How do we separate natural from designed? The last post critiquing the Creationist project of Christian apologist Jim Wallace looked at some of the cases that make this sorting project so difficult. Now, let’s pull back and look at the bigger picture. This is just one of a number of similar challenges.

The first post in this series is here.

Other difficult category challenges

Separating things into natural vs. designed is just one of many similar problems. Here are a few more we’re all familiar with. Bang your head against a few of these to remind yourself that making these distinctions is often easy, but that’s only for things we already have an answer for. For each category, add your own ambiguous cases that should encourage humility in anyone who thinks this is easy.

I bring up these familiar questions only to remind you of that familiar feeling of not knowing which bin something belongs in. Wallace wants to imagine that these questions are easy, but read this list to remember that they are not.

Arthur C. Clarke observed, “Any sufficiently advanced technology is indistinguishable from magic.” This is the challenge that we find in lots of areas—separating real from fake, life from nonlife, and designed from natural.

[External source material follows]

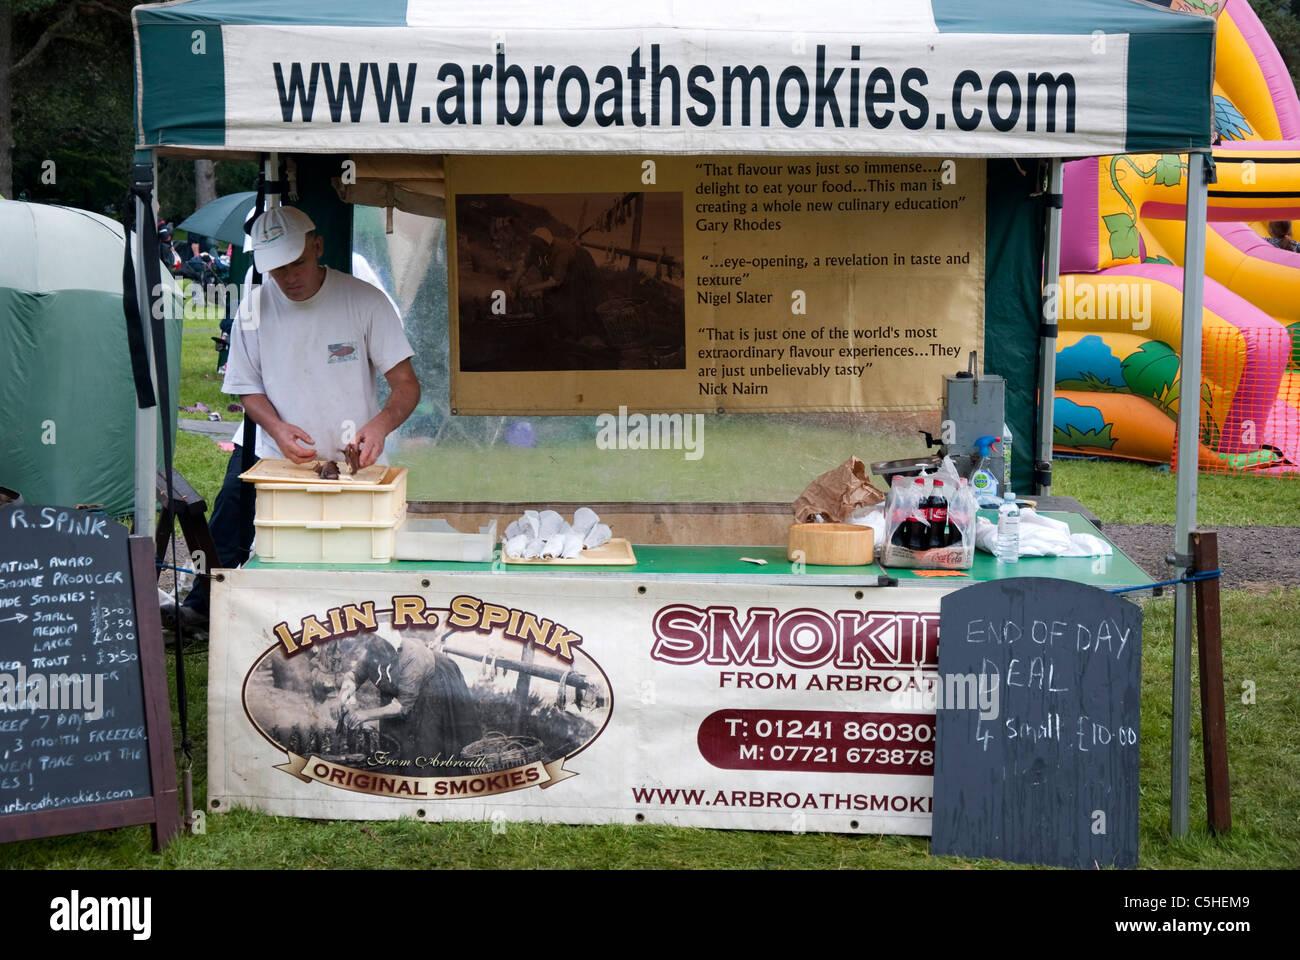 Iain R Spink Arbroath Smokies Stall - Stock Image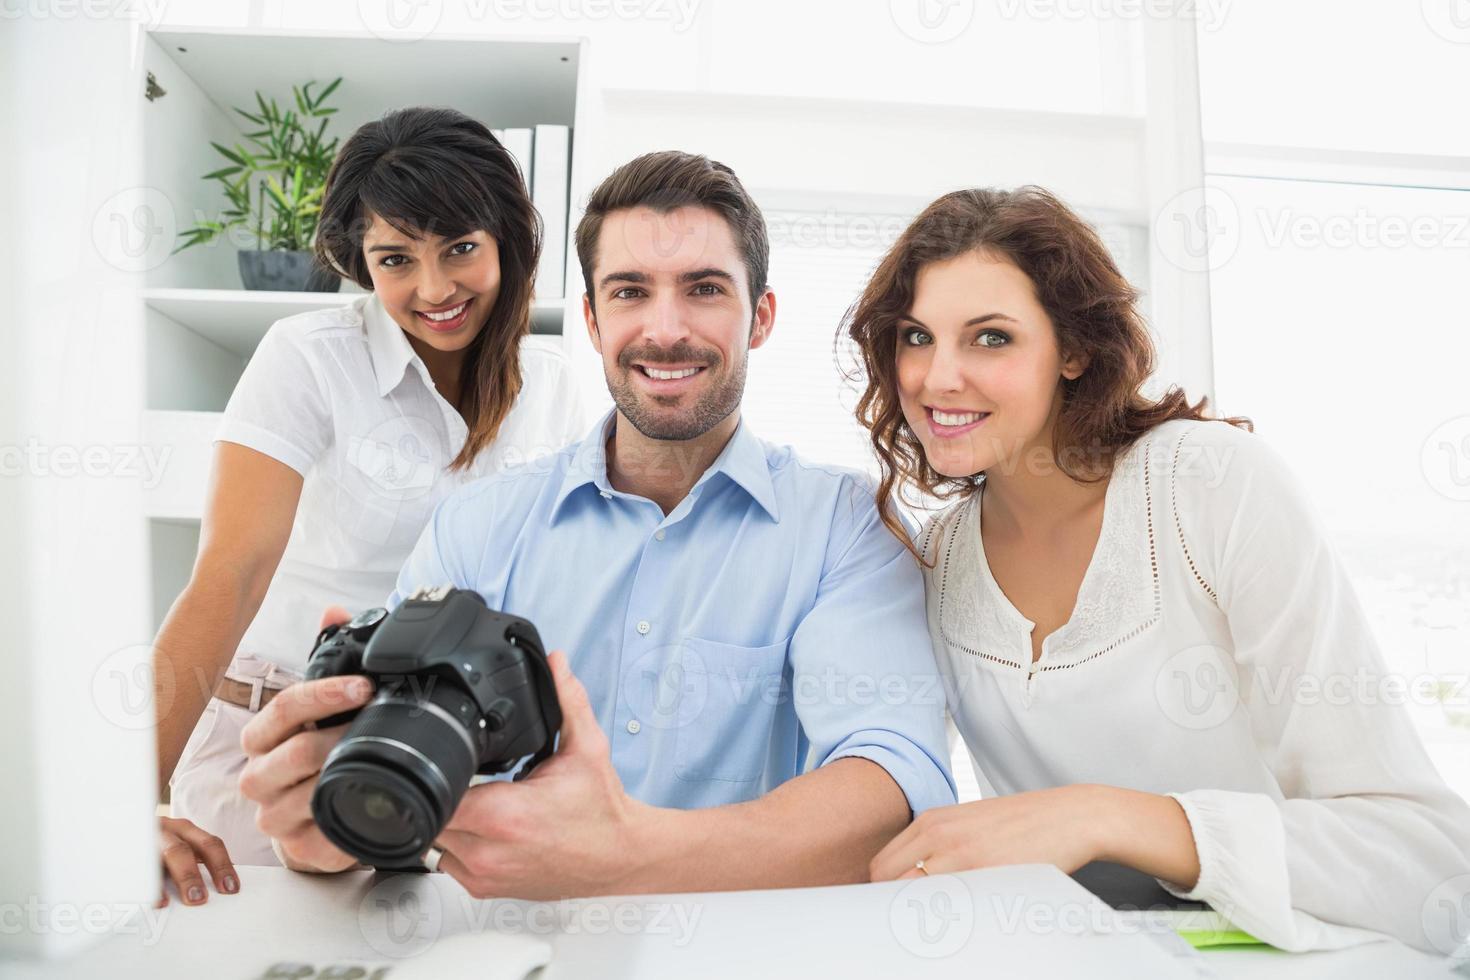 felice lavoro di squadra in posa con la fotocamera digitale foto

1. Real vs. hoax, lie, or fake. Is the Venezuelan poodle moth real? Yes and no. What about the Mpemba effect, which claims that hot water can freeze faster than an equal amount of cold? Or the Voynich manuscript, hundreds of illustrated, handwritten pages written 600 years ago. If it’s just a joke, it’s an extremely elaborate one, but if it’s not, then what the heck does it say? And what do we make of the Wenatchee child abuse panic of 1994—were there 29,726 incidents of child sex abuse, as officially charged . . . or were there actually zero?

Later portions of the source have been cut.